In an ideal world, voters would recognize that their representatives are being dishonest and partisan for personal gain and vote them out. There's no check against blatant corruption when the voters support the corruption.

[–] [email protected] 1 points 9 months ago (2 children)

I think people get that impeachment can be abused. The real question is whether a crime was committed. That gets decided in court. Or it all goes away politically like Nixon.

[–] [email protected] 3 points 9 months ago

Because its a political process, it is about convincing voters that it is valid. We'll see how these impeachments affect voters in the next election, and the ones to come. My understanding is that with Bill Clinton's impeachment, which R's believed was valid, but other wouldn't, led to Democrats winning seats in the house. Republicans were rather certain it did a lot of damage and would lead to them gain more seats in congress. Similar thing has happened with Trump, he even essentially lost his reelection due to some help of his impeachments. If republicans make a shitty show of their impeachment, people may see through it and still vote for biden.

[–] [email protected] 4 points 9 months ago* (last edited 9 months ago)

It gets decided in the senate? Impeachment is an inherently political process, but it is technically a conviction. (With a jury composed of the senate).

They can then impose further punishments in accordance with their sentence. Removal and future ineligibility are just the two most common.

[–] [email protected] 41 points 9 months ago (1 children)

This is written in such an infuriating both-sides-ism way. Trump was impeached twice on real grounds vs the Republicans impeaching everyone they can find for no good reason is so far from the same thing.

[–] [email protected] 13 points 9 months ago

Interesting. I disagree. Their argument is that impeachment was taken seriously up to the Trump administration and is being trivialized by Republicans since. This sentence makes it clear that they think Trump's impeachments were serious:

Mr. Trump’s two acquittals made clear that a president could feel assured of keeping his office no matter how serious his transgressions, as long as his party stuck with him, and the impeachment-in-search-of-a-high-crime efforts of the Biden era have been written off as just more politics.
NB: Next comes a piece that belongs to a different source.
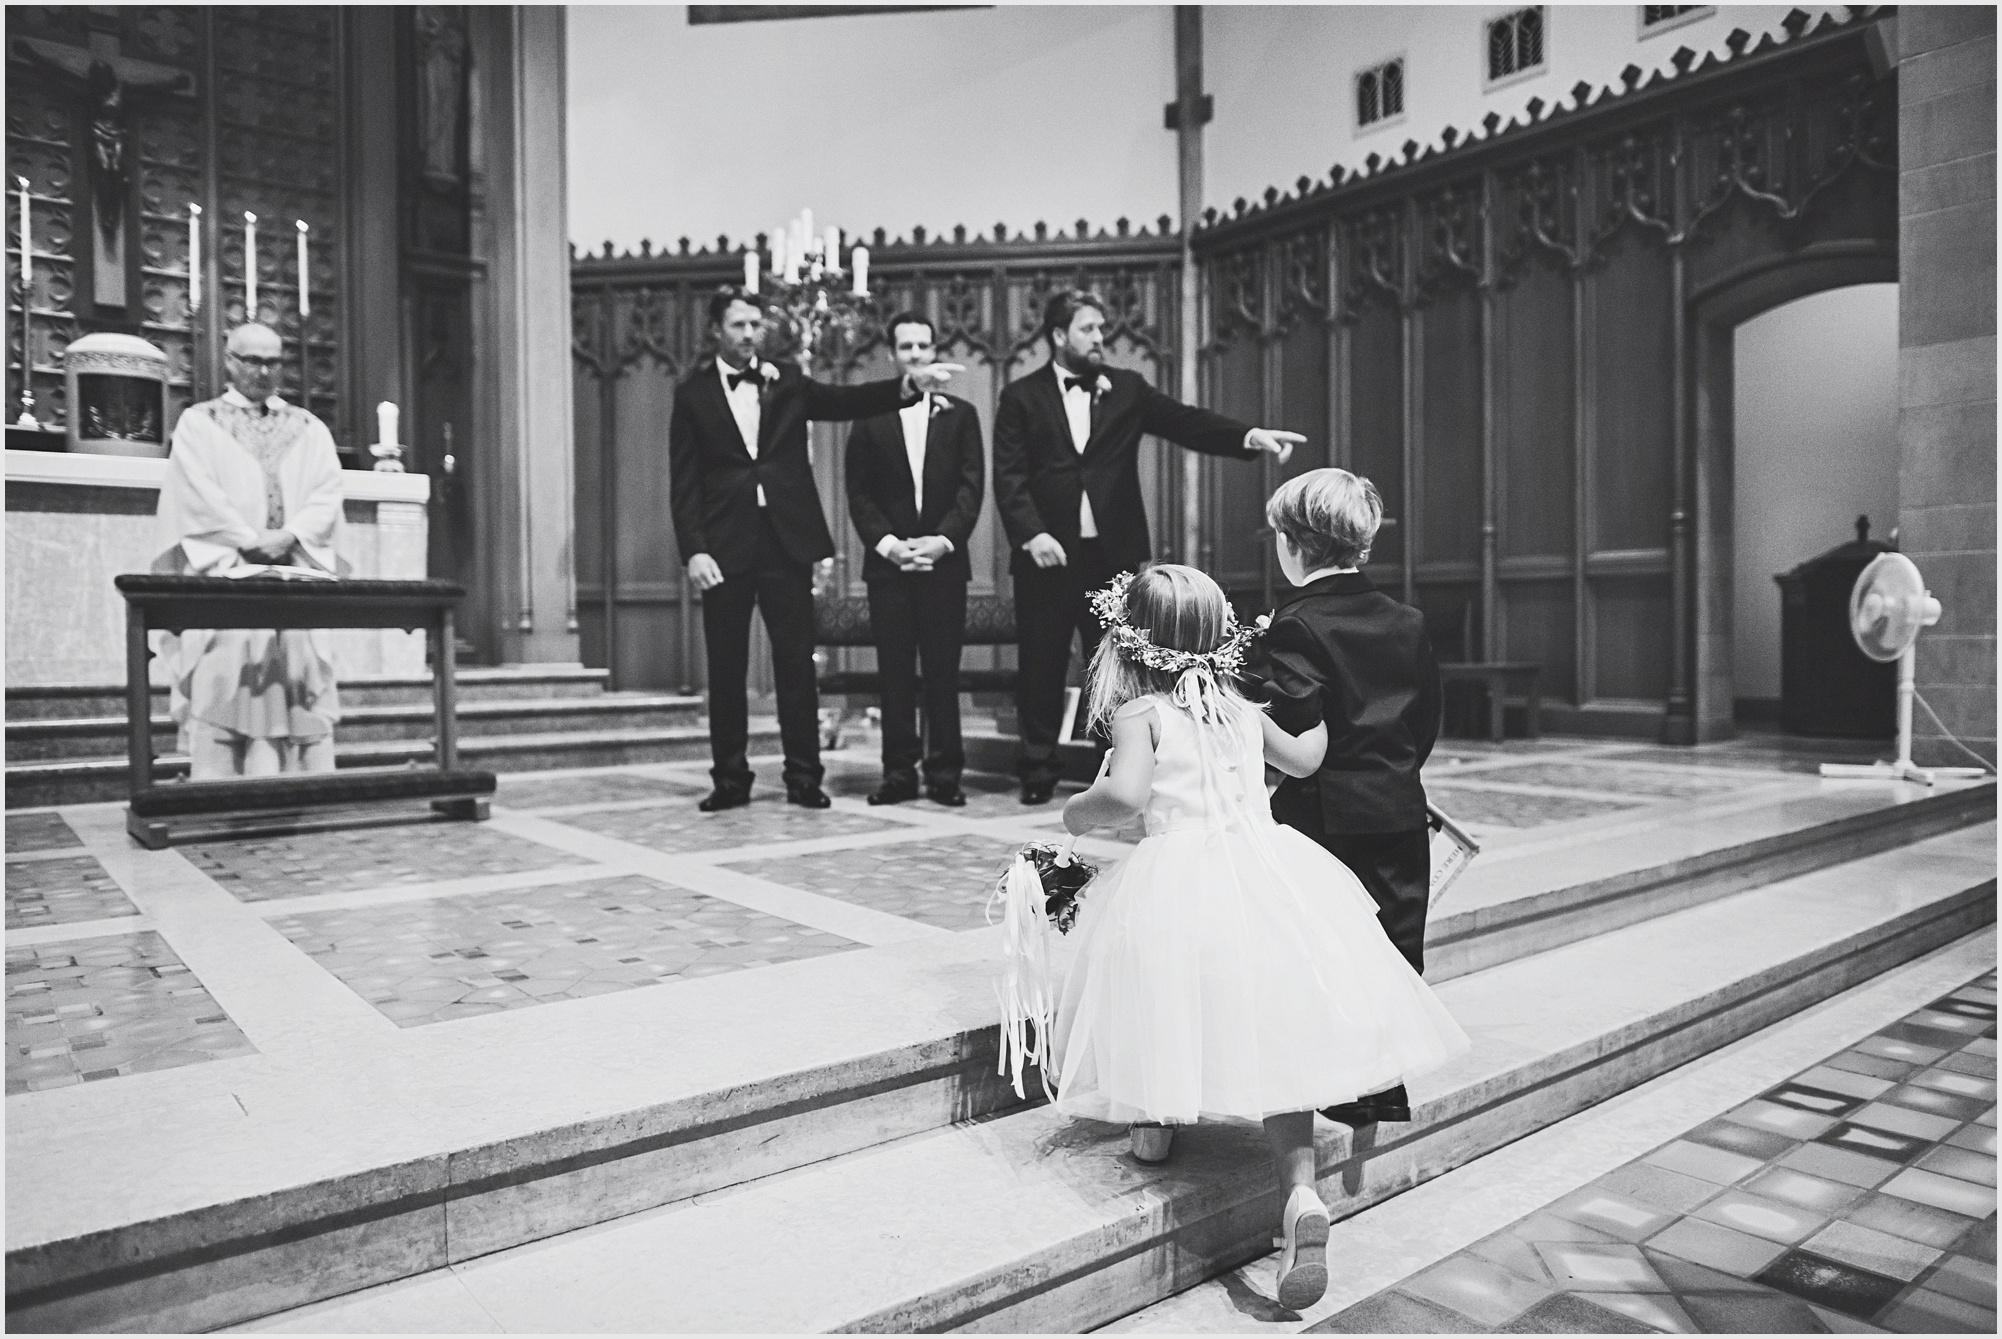 maura_david_james_j_hill_wedding_lucas_botz_photography_015.jpg

He's saying that impeachment should have worked but didn't because of Republicans. As opposed to Republican attempts to impeach Democrats:

Indeed, to the contrary, several Republicans have derided their party’s zeal for impeachment. Whatever his son Hunter did, they note, there is no evidence that Mr. Biden did anything wrong, and the Mayorkas impeachment centers on a policy dispute, not a criminal accusation.

And:

Michael J. Gerhardt, an impeachment scholar at the University of North Carolina, said Republicans were using impeachment not for accountability but for political damage. The pushes to impeach President Biden and Secretary Mayorkas are plainly attempts to make impeachment just another weapon in the partisan warfare of Washington,” he said.

And:

Indeed, it is that sting that may be driving Mr. Trump, who has made no secret of his desire to impeach Mr. Biden and his team as revenge for his own impeachments. “They did it to me,” he said in a radio interview last fall. “Had they not done it to me,” he added, “perhaps you wouldn’t have it being done to them.”

'Serious transgressions' vs 'no evidence of wrongdoing', 'partisan warfare', and 'revenge'.

It seems clear to me that, like we do, the author sees a fundamental difference between Democrats and Republicans. The Republican accusations are actually so frivolous that even the Biden administration themselves aren't concerned about them.

If anything, I think he's being too generous to the Republicans that impeached Clinton. I'd argue this is an acceleration of bad faith political theatre that began with Gingrich. It's something that's much worse now but not entirely new since Trump.

[–] [email protected] -1 points 9 months ago

This is the best summary I could come up with:


But impeachment, once seen as perhaps the most serious check on corruption and abuse of power developed by the founders, now looks in danger of becoming a constitutional dead letter, just another weapon in today’s bitter, tit-for-tat partisan wars.

Mr. Trump’s two acquittals made clear that a president could feel assured of keeping his office no matter how serious his transgressions, as long as his party stuck with him, and the impeachment-in-search-of-a-high-crime efforts of the Biden era have been written off as just more politics.

“Impeachment has become more of a political and public relations tool than a serious mechanism of executive branch accountability,” said Jack Goldsmith, a Harvard Law School professor and a former top Justice Department official under President George W. Bush.

But where impeachment consumed the White House under Richard M. Nixon, Bill Clinton and Mr. Trump, it is barely an afterthought in the Biden West Wing.

The proliferation of impeachment resolutions covers a gamut of supposed offenses, but as in the case of Mr. Mayorkas they mainly stem from Republican criticism of the way officials do their jobs.

In Mr. Mayorkas’s case, Republicans fault him for releasing illegal immigrants pending court dates rather than detaining them, but Congress has not provided enough detention facilities to actually hold all of the migrants coming across the border.